Долгая пауза. Наверное, она произносит про себя целый монолог, который в переводе на мой язык исчерпывается одним-единственным словом: «Осел»!

— Если позволите, сударыня, — заговорил я, наконец, — как вы пришли к подобным… подобным идеям?

— Очень просто. Мой отец был человек разумный. Меня с самой колыбели окружали копии античных статуй, в десять лет я читала Жиль Блаза, в двенадцать — «Орлеанскую девственницу». Я считала своими друзьями Венеру и Аполлона, Геракла и Лаокоона, как другие в детстве — Мальчика-с-Пальчика, Синюю Бороду и Золушку.
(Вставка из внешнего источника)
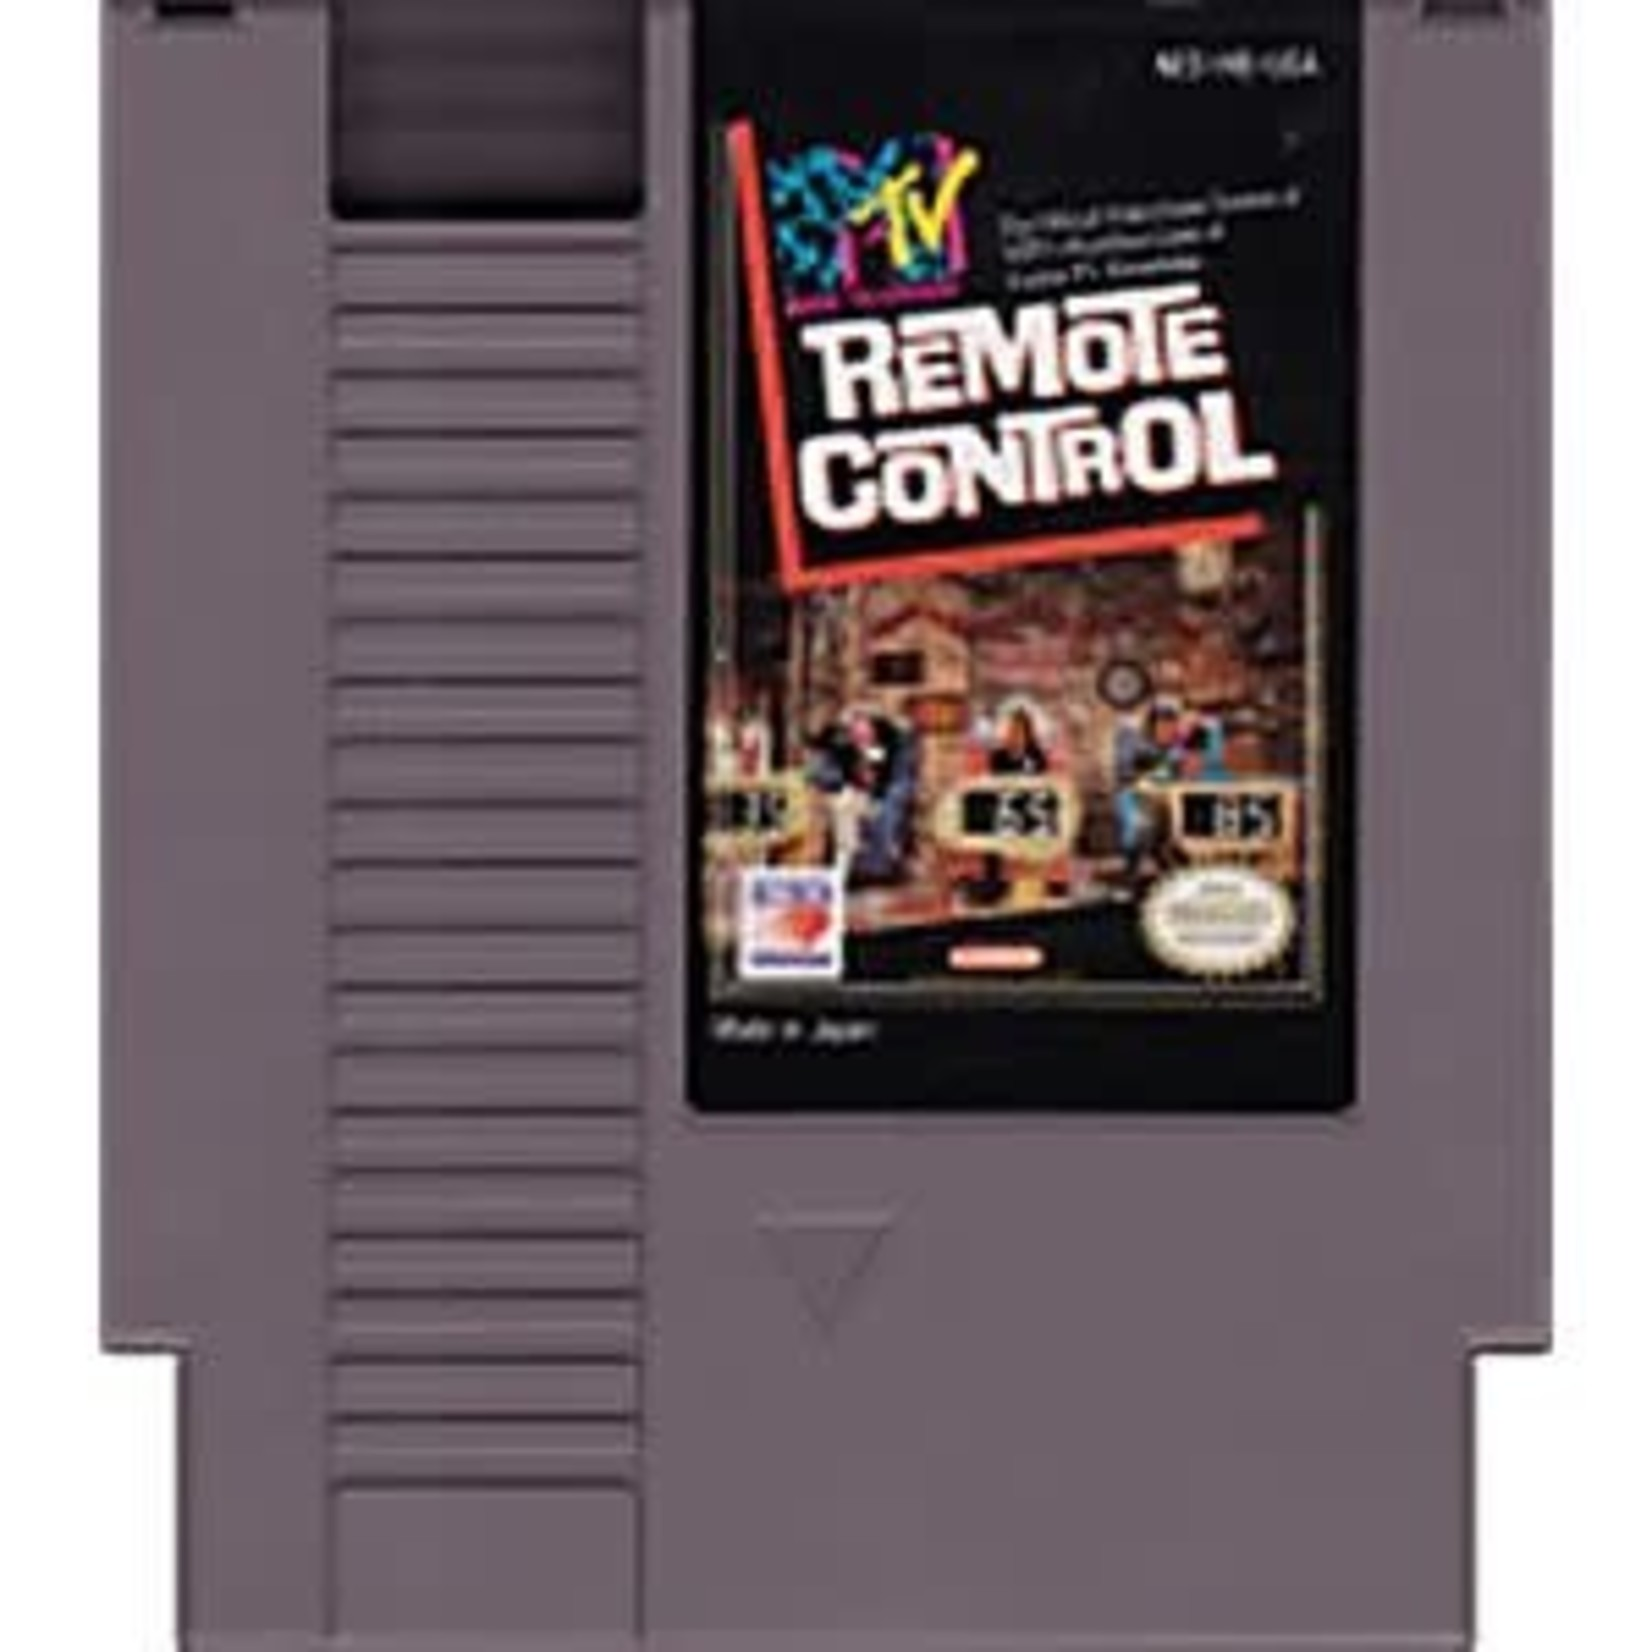 NESU-REMOTE CONTROL (cartridge)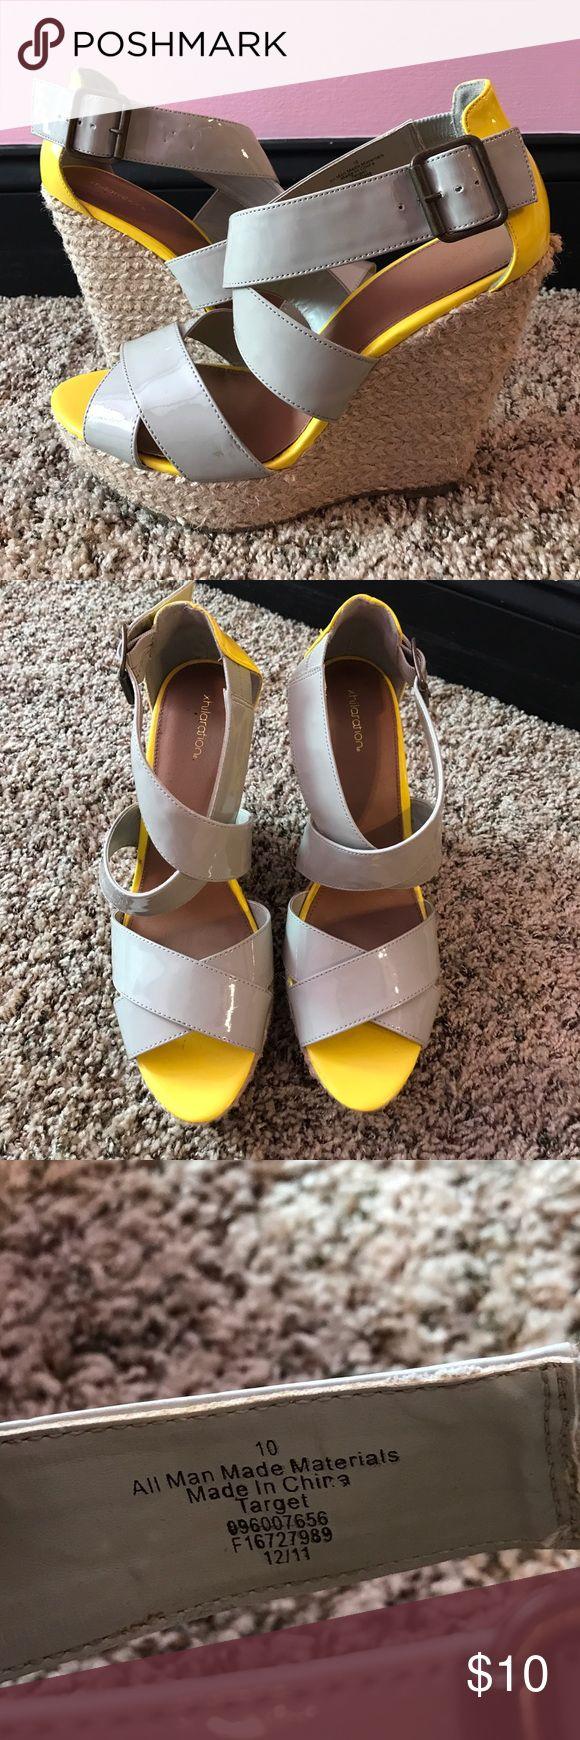 Grey and yellow wedges sz10 Grey and yellow wedge with straw wedge heel! Xhilaration Shoes Wedges

Мой муж был человек веселый, жизнерадостный, даже неизлечимая болезнь, постигшая его вскоре после нашей свадьбы, никогда не могла надолго омрачить его чело. Даже в ночь накануне своей смерти он взял меня к себе в постель, а в течение долгих месяцев, которые он провел, умирая, в своем кресле на колесиках, он часто в шутку спрашивал меня: «Ну что, есть у тебя уже поклонник?» Я загоралась от стыда. «Не обманывай меня, — прибавил он однажды, — я посчитал бы это отвратительным. А красивого мужчину ты себе найди, или лучше сразу нескольких. Ты чудесная женщина, но при этом еще наполовину ребенок, — ты нуждаешься в игрушках».

Наверное, вам не нужно говорить, что, пока он был жив, у меня не было никаких поклонников, — но довольно об этом; короче, он воспитал меня такой, какая я теперь: гречанкой.

— Богиней… — поправил я. Она улыбнулась:

— Какой именно?

— Венерой!

Она погрозила мне пальцем и нахмурила брови.

— И даже «Венерой в мехах»… Погодите-же — у меня есть большая-пребольшая меховая шуба, которой я могу укрыть вас всего: я поймаю вас в нее, как в сеть.

— И вы полагаете, — быстро заговорил я, так как меня осенила мысль, показавшаяся мне, при всей ее простоте и банальности, очень дельной, — вы полагаете, что ваши идеи возможно проводить в наше время? Что Венера может безвозбранно разгуливать во всей своей неприкрытой красоте среди железных дорог и телеграфов?

— Неприкрытой — нет, конечно, в мехах! — воскликнула она, смеясь. — Хотите ли посмотреть на мои?

— И потом…

— Что же «потом»?

— Красивые, свободные, веселые и счастливые люди, какими были греки, возможны только тогда, когда существуют рабы, которые делают все прозаические дела повседневной жизни и которые — прежде всего — работают на них.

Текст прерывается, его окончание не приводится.